Tornado and asynchronous DynamoDB example project

GitHub:

https://github.com/nanvel/bebop

Used low level api to access DynamoDB API, for example:
class DDBEpisode(DDBBase):

    @gen.coroutine
    def create(self, **kwargs):
        ddb_put_item = self.dynamodb(operation='PutItem')
        res = yield gen.Task(ddb_put_item.call,
            table_name=self.TABLE_NAME,
            item=self.with_types(kwargs))
        raise gen.Return(res)

And it uses DyanamoDBLoacal, so You don't need to use real amazon infrastructure to do your experiments (I accidently lost $180 because of forgot to remove few dynamodb tables, be careful!).

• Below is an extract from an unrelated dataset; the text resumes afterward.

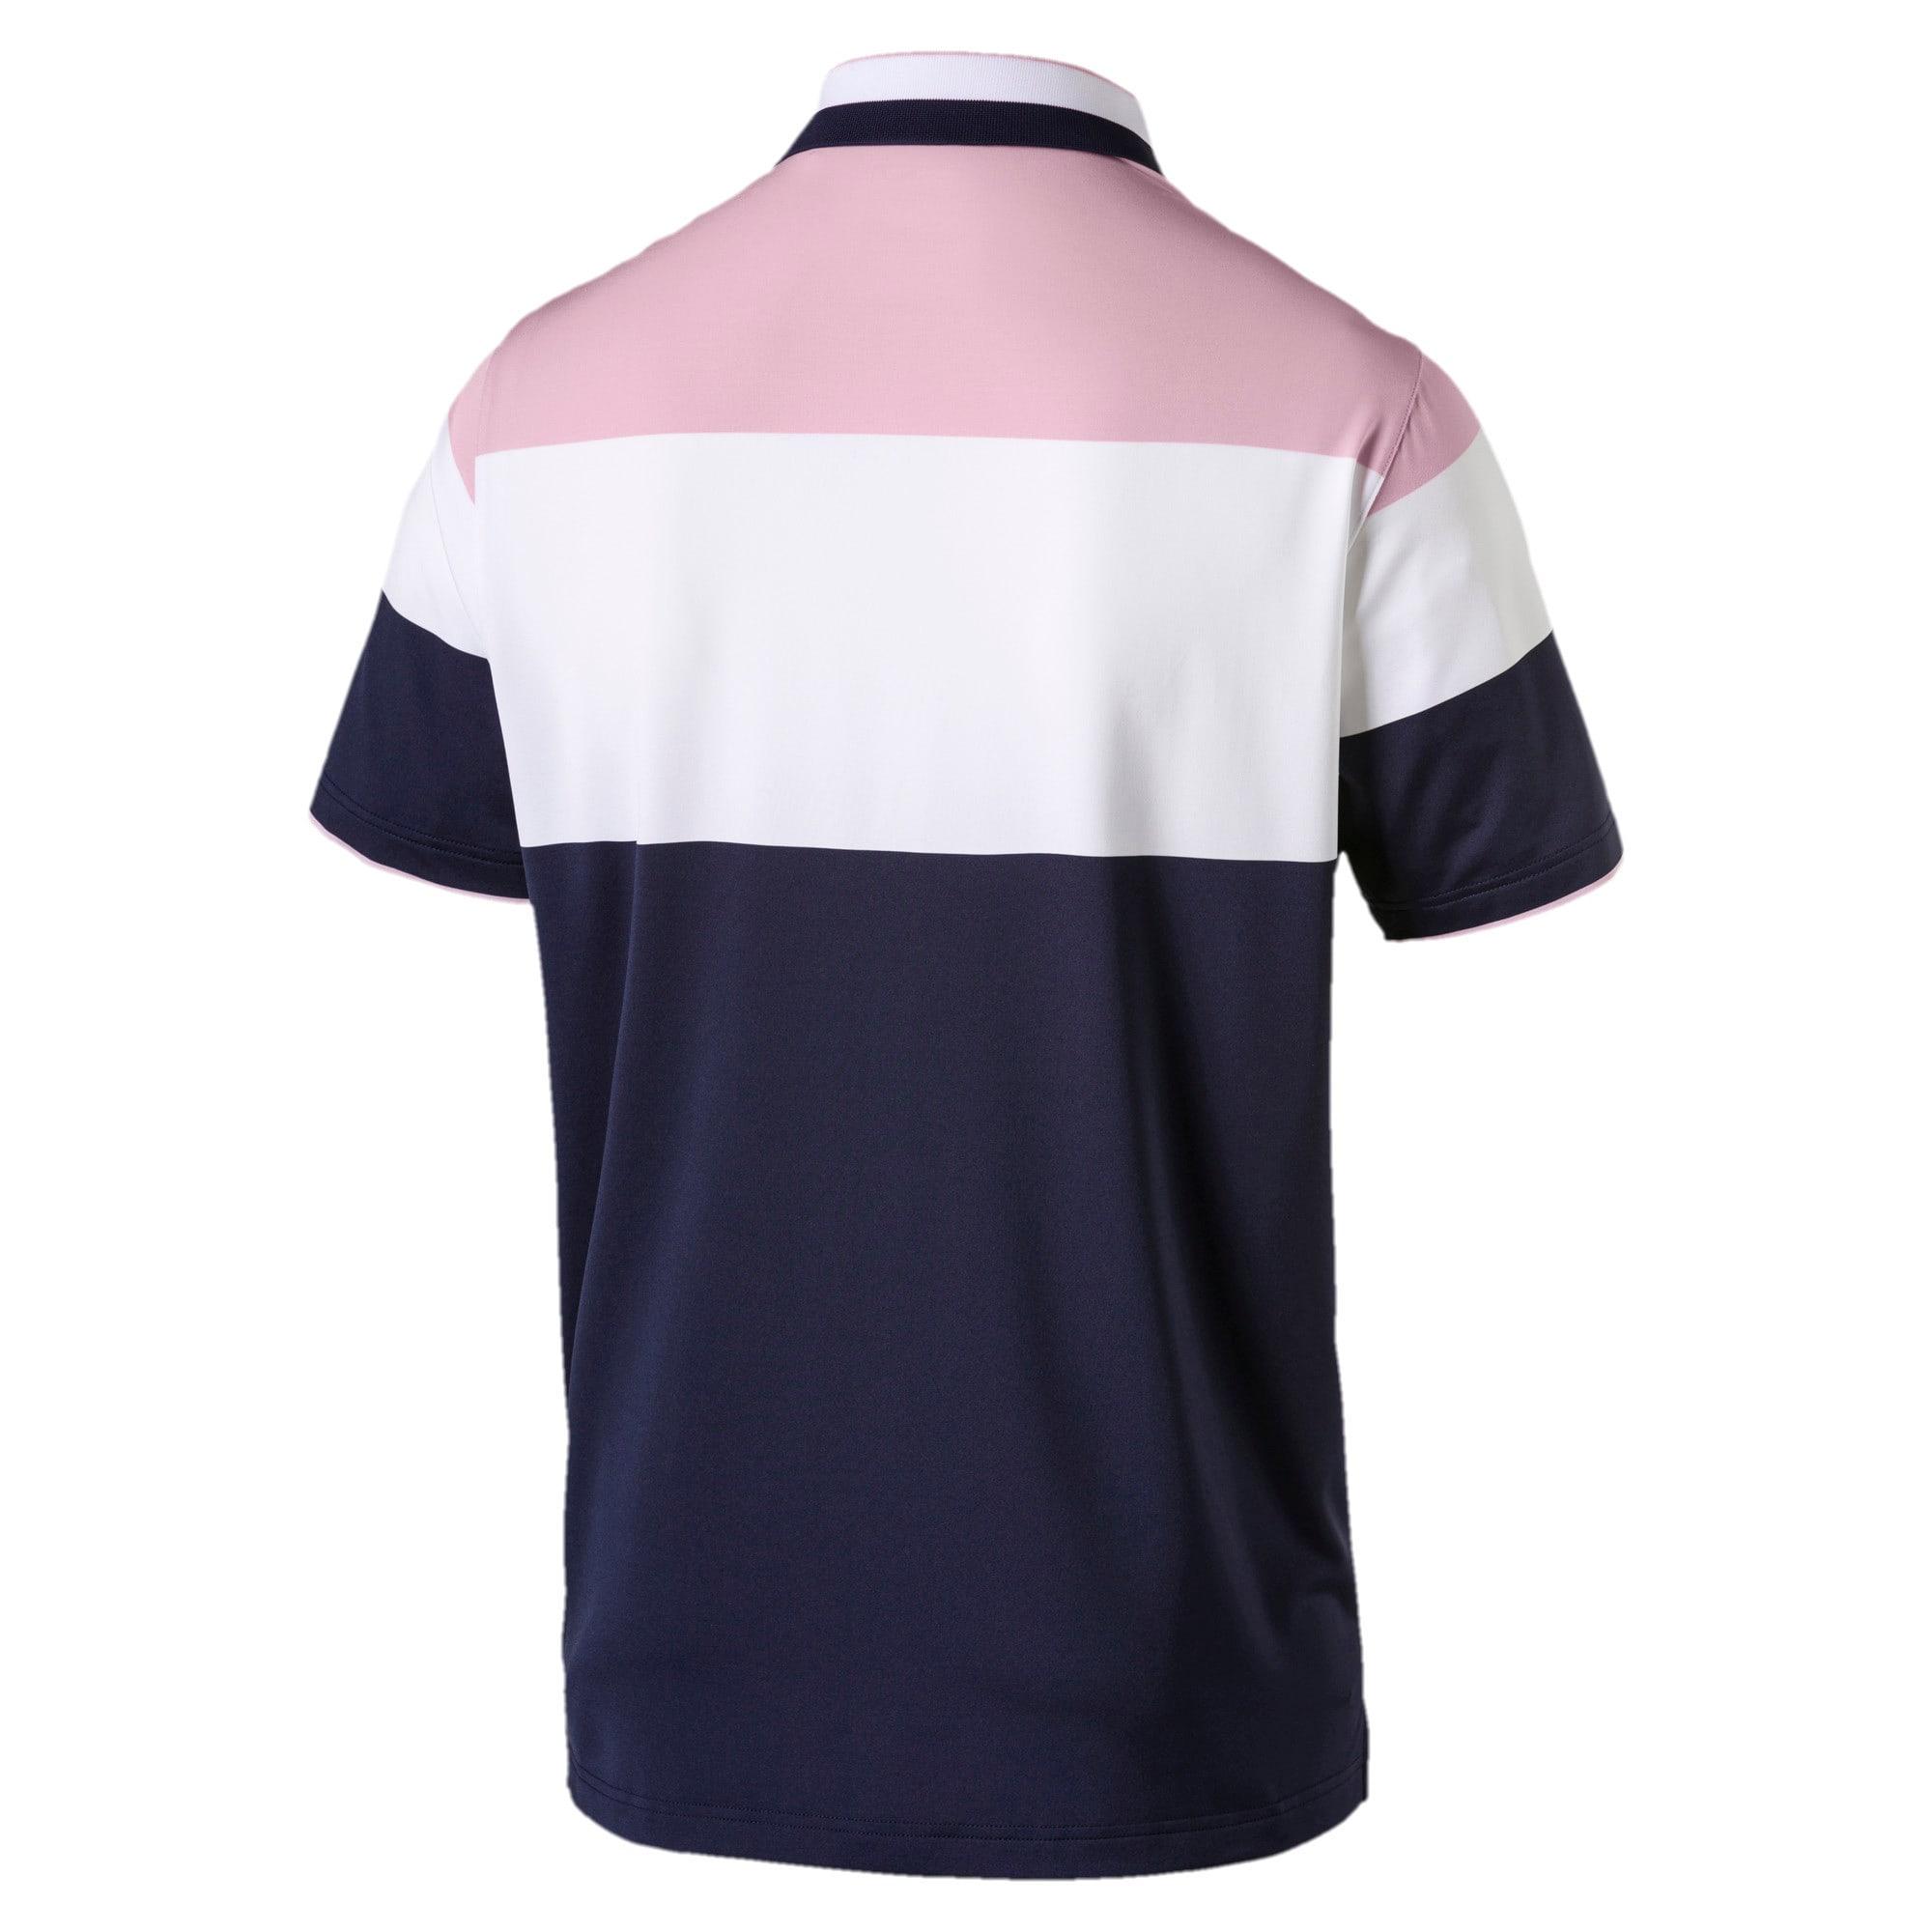 Thumbnail 5 of Nineties Men's Golf Polo, Pale Pink, medium

See amazon documentation for full api description:

http://docs.aws.amazon.com/amazondynamodb/latest/APIReference/Welcome.html

You can start your experiments easily:
git clone https://github.com/nanvel/bebop
cd bebop/bin
# http://docs.aws.amazon.com/amazondynamodb/latest/developerguide/Tools.DynamoDBLocal.html
wget http://dynamodb-local.s3-website-us-west-2.amazonaws.com/dynamodb_local_latest
tar -xvf dynamodb_local_latest
rm dynamodb_local_latest
cd ..
make dynamo
python app.py
python example.py